We spoke to her after her keynote speech to hundreds of local TV and radio executives at the  the WideOrbit Connect conference in San Francisco on Tuesday.

Washington-based Pearl TV was created by broadcasters to bring ATSC 3.0 to fruition, Schelle explains in this interview with Beet.TV at the WideOrbit Connect conference. Its members—Cox Media Group, the E.W. Scripps Company, Graham Media Group, Hearst Television Inc., Meredith Local Media Group, Nexstar Media Group, Raycom Media and TEGNA, Inc.—operate more than 220 network-affiliated TV stations.

Finalized by the Federal Communications Commission in January of 2018, ATSC 3.0 will be dependent on spectrum allocated by individual broadcasters for a consumer rollout set for late 2020. Now its various stakeholders need to agree not only on its infrastructure but also how to explain its attributes to consumers.

“We need to commercialize it,” says Schelle.

Pearl TV chose Phoenix as its test market, setting up one lighthouse station to emit signals under the new standard to kick off the transition from ATSC 1.0. “The trick will be to do that, we have to also maintain our 1.0 services. And we want to. That’s our bread and butter business as well as our multicast.”
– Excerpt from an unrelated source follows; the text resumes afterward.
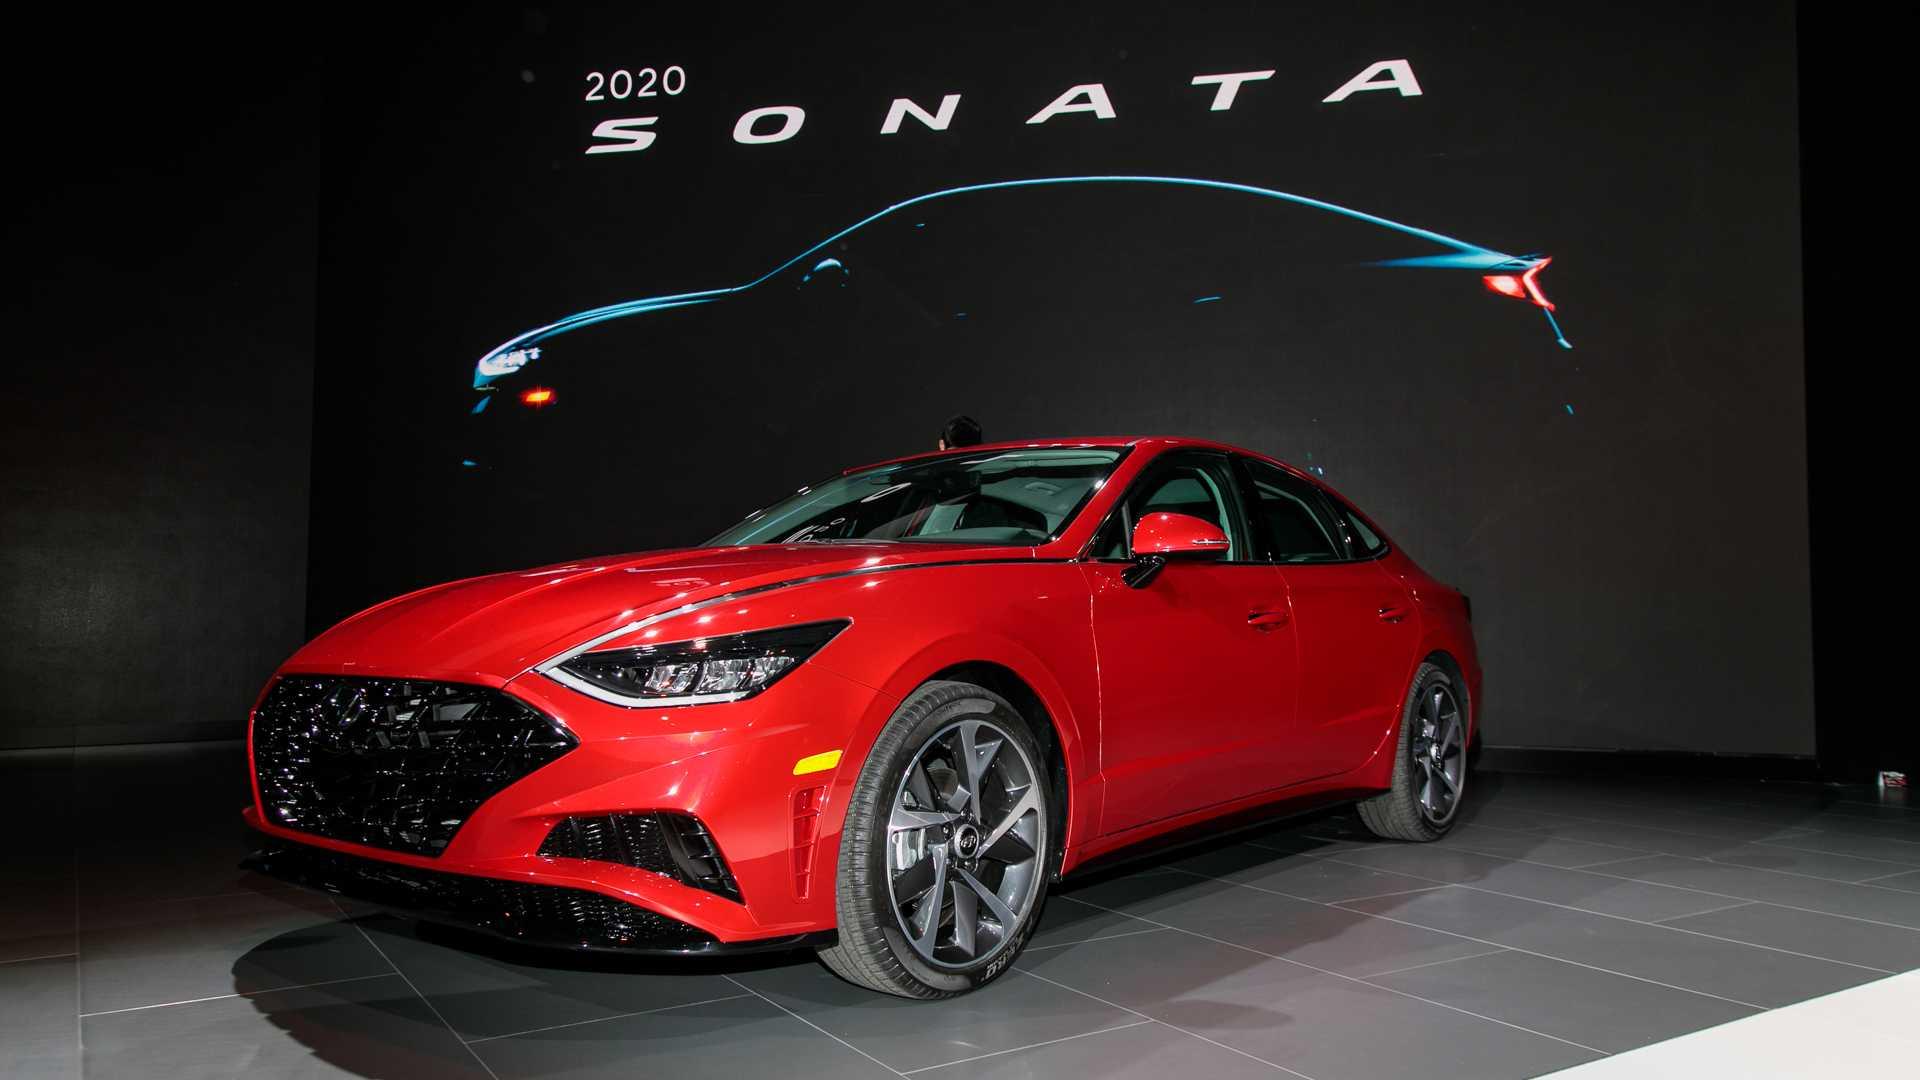 38 All New 2020 Hyundai Sonata N Line Images by 2020 Hyundai Sonata N Line

Fox, NBC, Univision and PBS are collaborating on the test platform in Phoenix.

With a modernized user interface, ATSC 3.0 will provide free, live linear programing and a host of over-the-top streaming content.

One of the big payoffs for broadcasters is the viewership data they will be able to collect, fueling interactive TV and addressable advertising. “Broadcasters have never had access to their own data on their own channels,” notes Schelle.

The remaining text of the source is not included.